In the war over cybersecurity, technical skill is never enough.

The wildly popular podcast Reply All has an especially memorable episode called The Snapchat Thief. A young woman named Lizzie has her Snapchat login stolen while she’s on vacation in the Appalachian Mountains. The culprit is a bored young high schooler, who does the deed from his mother’s house on the West Coast. He then sells her username to another young man who simply gives it to his girlfriend as a gift. The two teenagers circumvented Snapchat’s world-class cybersecurity in the most simple yet ingenious way: by telling Lizzie’s cell phone provider to transfer her phone number to a new SIM card, then by asking Snapchat to text them a code to reset the password to Lizzie’s account.

This story illustrates three disturbing realities about cyber security. First, everyone will be victimized: even the most well-funded Silicon Valley startups are hacked all the time with increasingly creative strategies. Second, anyone anywhere in the world can hack any one of your devices at any time, whether from Paris, New York, or Timbuktu. Third, hackers aren’t necessarily the evil geniuses or basement-dwelling savants of TV: they could be the person next door who just wants some cash or something to do. They may or may not care if their actions destroy your life.

It’s easy to forget that cybersecurity is ultimately a people problem, and that’s what makes it such a difficult one. Hackers aren’t just technical thinkers; they’re also creative, and it takes other creative minds as well as excellent technical skills to combat their actions. Cybersecurity isn’t just a science; it’s also an art.

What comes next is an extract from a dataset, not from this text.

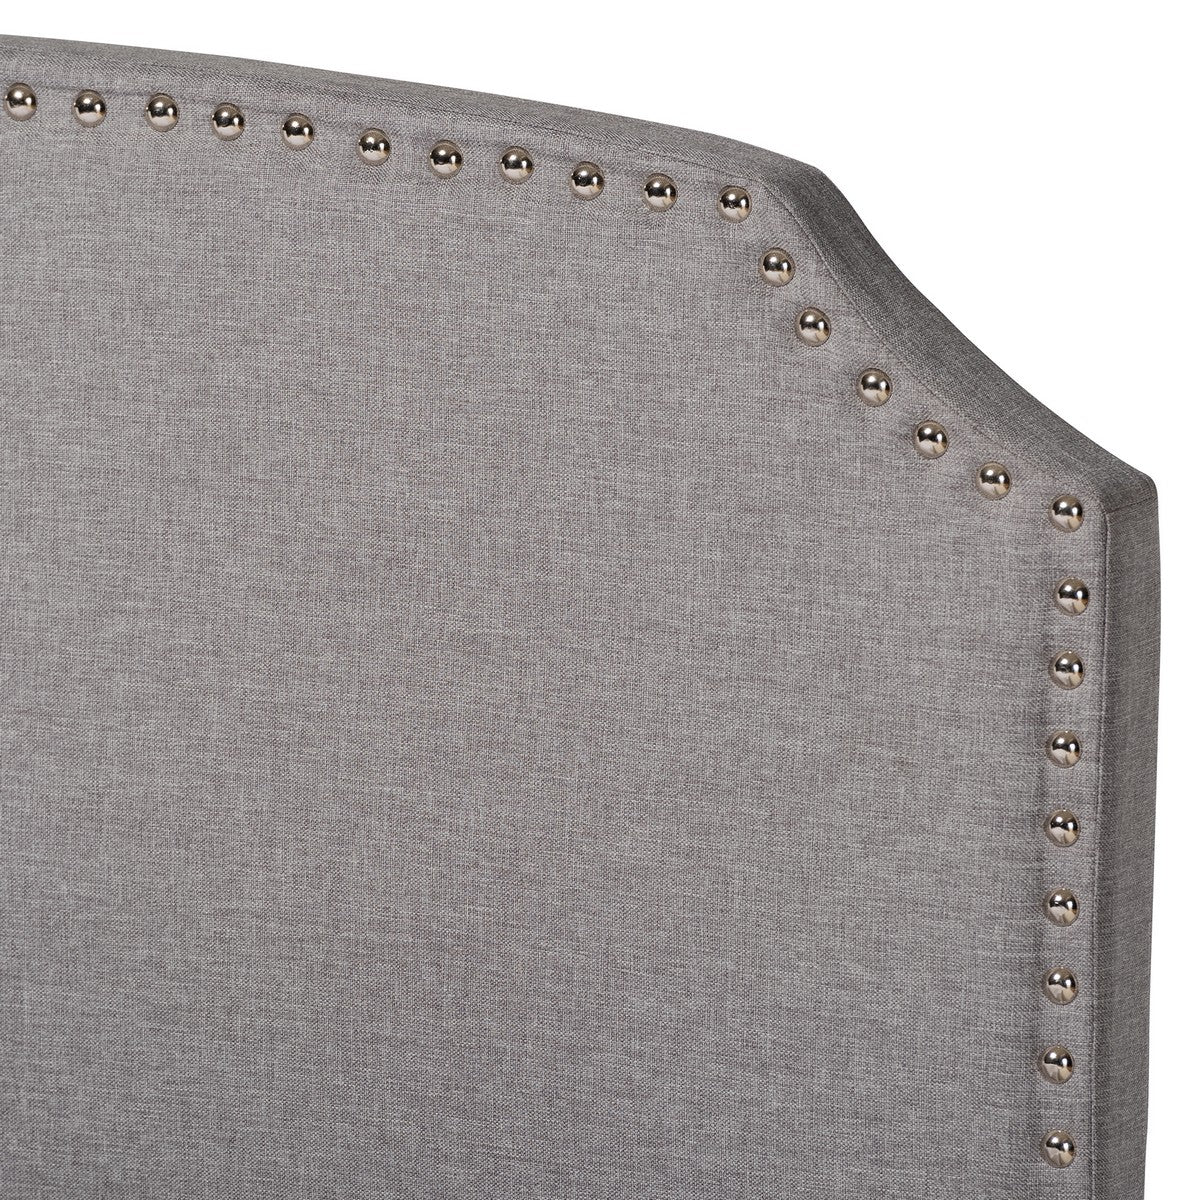 Baxton Studio Larese Light Grey Fabric Upholstered 2-Drawer King Size Platform Storage Bed

This is why it’s so difficult to train, recruit, and retain cybersecurity experts. Many people are able to master technical skills, many master creative skills, but exceptionally few are able to master both. Building skillful cybersecurity teams is a constant task that itself requires other skillful teams, and failing to recognize this sets the stage for security failures. As cybersecurity expert Michael Daniel wrote in the Harvard Business Review, “As long as we treat cybersecurity as a technical problem that should have easy technical solutions, we will continue to fail.”

And the cybersecurity war changes quickly. By the time college courses are developed, and bright young students are able to complete them, new kinds of security breaches are discovered, and completely new solutions have to be developed. The field is still in its infancy: while long-established protocols exist in physical security fields, the world wide web is still, in many ways, a lawless frontier. It’s extremely difficult to predict how attacks will happen, and by the time they do, it can be too late.

But while how cyber attacks will happen is impossible to predict, one thing is certain: they will happen. Cybersecurity is a challenge that’s never really over; it’s only ever over for now.

Companies that understand the creative and technical challenges of cybersecurity will staff their teams with creative technical experts. When the next round of cyberattacks inevitably comes around, they will be far more likely to survive, while the ones that fail to recognize the need for creative skill will crash and burn.

When your turn comes, will your team be ready?